Sobre dores e perspectivas
Não é de hoje que a condição externa é um grande motivo para a inércia. E com isso, não se dá valor a condição interna do indivíduo.
A frase comum “você não sabe da minha realidade” se torna a grande justificativa para o fracasso, e certamente enquanto você lê a palavra “fracasso” já procura meios de conceituá-la, para com isso, validar a sua perspectiva de fracasso, e certamente não se colocar inserido em tal conceito. E com isso, a mudança sempre fica em segundo plano, e a inércia continua sendo a grande protagonista da sua história.
Qual é o seu difícil? Acordar às 5h da manhã? Encarar mais um dia desempregado? Encarar mais uma sessão de quimioterapia? Encarar mais uma ressaca moral? Ter que se limpar após mais um abuso e se olhar no espelho sentindo-se culpado? Encarar a sua miséria material? Encarar mais uma sessão de terapia? Encarar uma dieta? Encarar o seu vício? Chorar a morte dos seus? Lamentar um diagnóstico de doença?... Não, não se trata de “medir” sofrimento, isso não se faz, e nunca deve ser feito, trata-se apenas de identificar se o seu difícil é oriundo de um sofrimento evitável ou de um sofrimento inevitável, teoria essa desenvolvida por Viktor Frankl em sua escola terapêutica denominada “logoterapia”.
O grande problema do ser humano é querer dar sentido para um problema que carece de ação, ou seja, um problema oriundo de um sofrimento evitável. Ou então, lutar para mudar uma situação que não carece de ação externa, pois se trata de um sofrimento inevitável, e para estes casos, mudar a si mesmo é a única coisa que resta.
Voltando para a questão “qual é o seu difícil?” podemos citar o ditado popular de que “a grama do vizinho é sempre mais verde”, daí mais uma vez a certeza de que “medir” sofrimentos ou te colocará como um coitadinho perante a vida ou como um arrogante insensível que acredita que sofrer é coisa de gente fraca. Ambas as atitudes são devastadoras.
O cerne continua sendo a sua percepção dos fatos, o que você está passando é evitável ou não? Caso seja evitável procure soluções para eliminar a causa, caso seja inevitável procure mudar a sua perspectiva diante de tal sofrimento.
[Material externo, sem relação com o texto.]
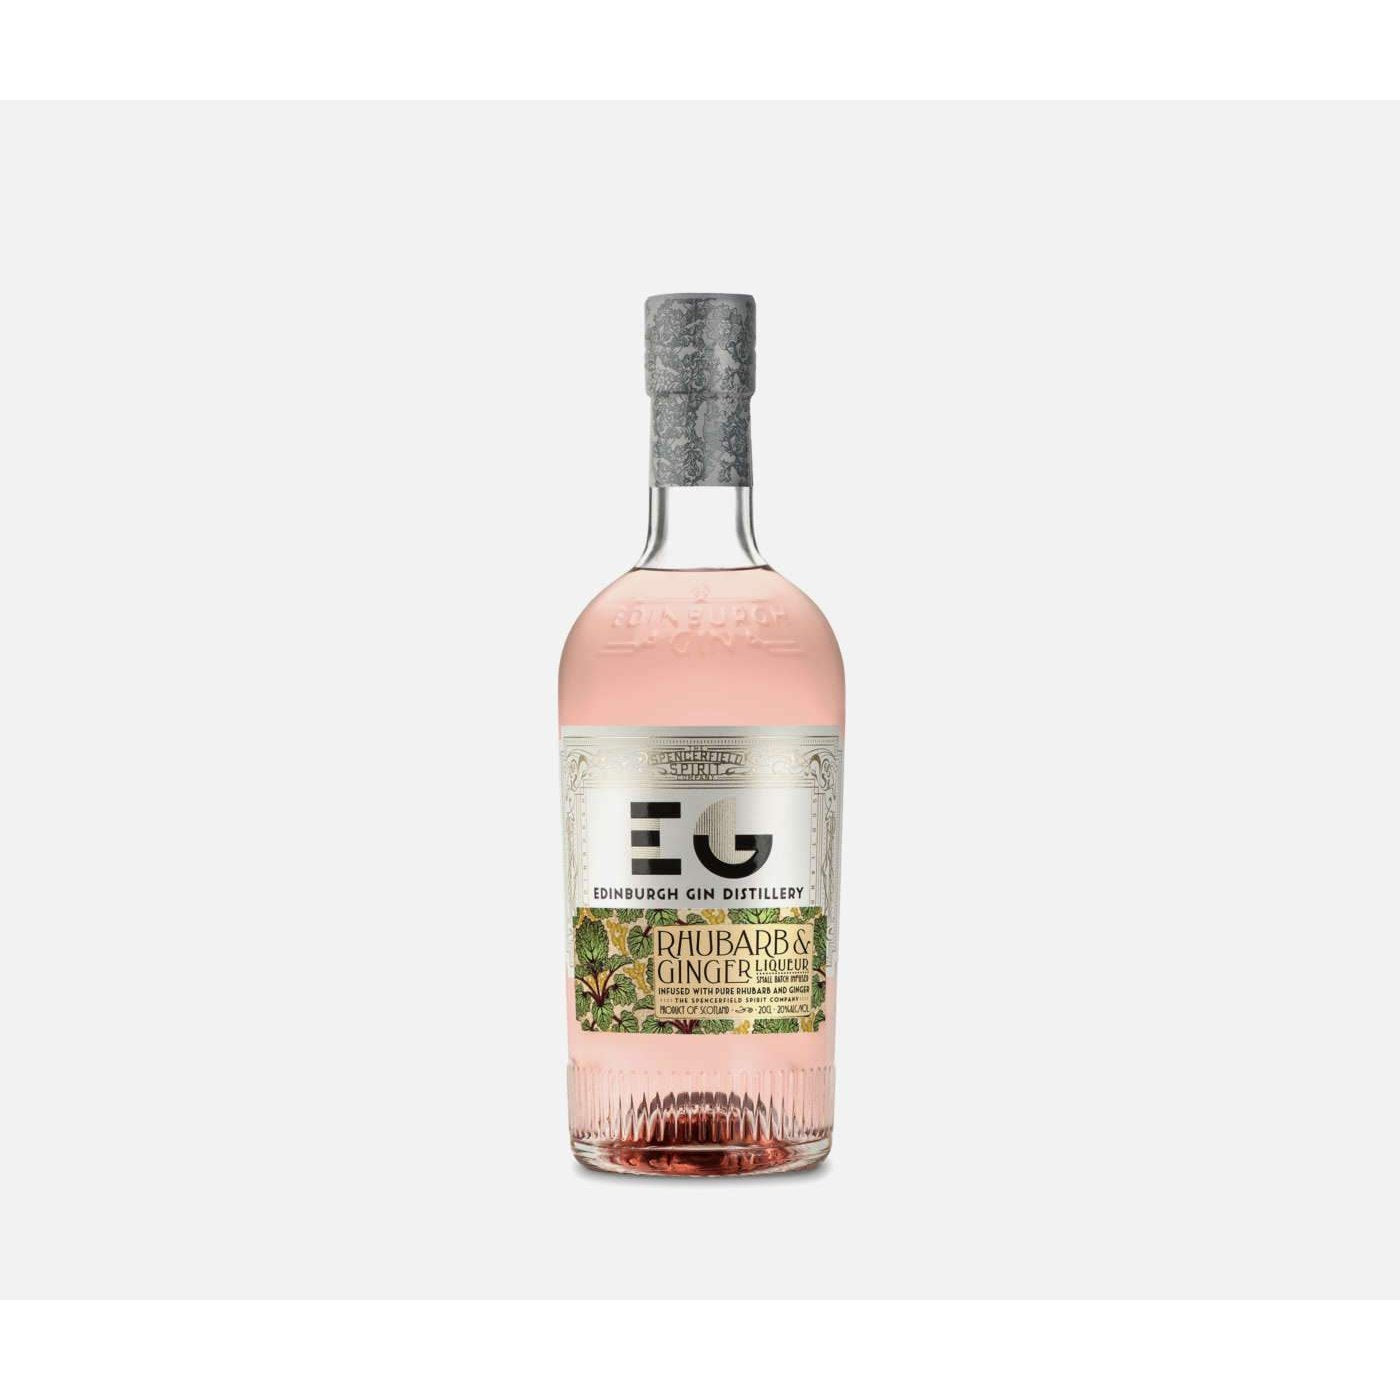 Edinburgh Gin's Rhubarb & Ginger Liqueur 20cl-Gin-5060232070641-Fountainhall Wines

Partindo dessa ideia você perceberá que “medir” sofrimento perderá o sentido para você, e que caso o seu difícil seja acordar às 5h você deverá agir de determinada forma, e caso o seu problema seja encarar mais uma sessão de quimioterapia certamente isso exigirá outro tipo de postura, e com isso, ficará nítido para você que a sua realidade depende muito mais da sua compreensão dela e da ação que você escolher em determinada situação. E com isso os fatores externos serão apenas uma barreira transponível e não mais um fator determinante que condenou você a ser quem você é.
Já imaginou se um alcoólatra colocasse como justificativa não lutar contra o seu vício o fato de que “a sua realidade” fosse dura demais? Certamente morreria em decorrência do seu vício sem jamais buscar a solução. Ao contrário, os que lutam contra o vício sabem que a realidade externa continuará igual, a demanda por bebidas alcoólicas continuará a todo vapor, bares continuarão funcionando normalmente, propagandas continuarão focando em mais vendas, e as fábricas continuarão produzindo as melhores bebidas do mercado. O que vai mudar na vida de alguém que luta contra o vício é como ele irá encarar as suas dores, e não como a vida externa se apresentará a ele. A tentação do gole continuará escondida na sua psique. Mas é a sua gana pela sobriedade que se tornou maior que a vontade de beber. O mundo externo não mudou, mas o seu coração sim.
Reflita sobre as suas dores. Mas não façam delas o seu vício. O sofrimento é inerente à vida, mas a sua forma de viver é escrita por você.
Viktor Frankl disse que até mesmo sobre aquilo que não se pode mudar (no caso, o sofrimento inevitável) é possível escolher como você irá encarar tal sofrimento, em outras palavras, até um condenado a morte poderá escolher como caminhará até a sua execução.
Romântico? Não. Apenas alguém que sabe do valor da liberdade última que todo ser humano tem: a capacidade de escolher como irá encarar aquilo que lhe fora imposto.
Qual é o seu difícil? Ele pode ser evitado? Então aja para eliminar a causa. É algo que não pode ser mudado? Então, permita-se encarar com dignidade tal sofrimento.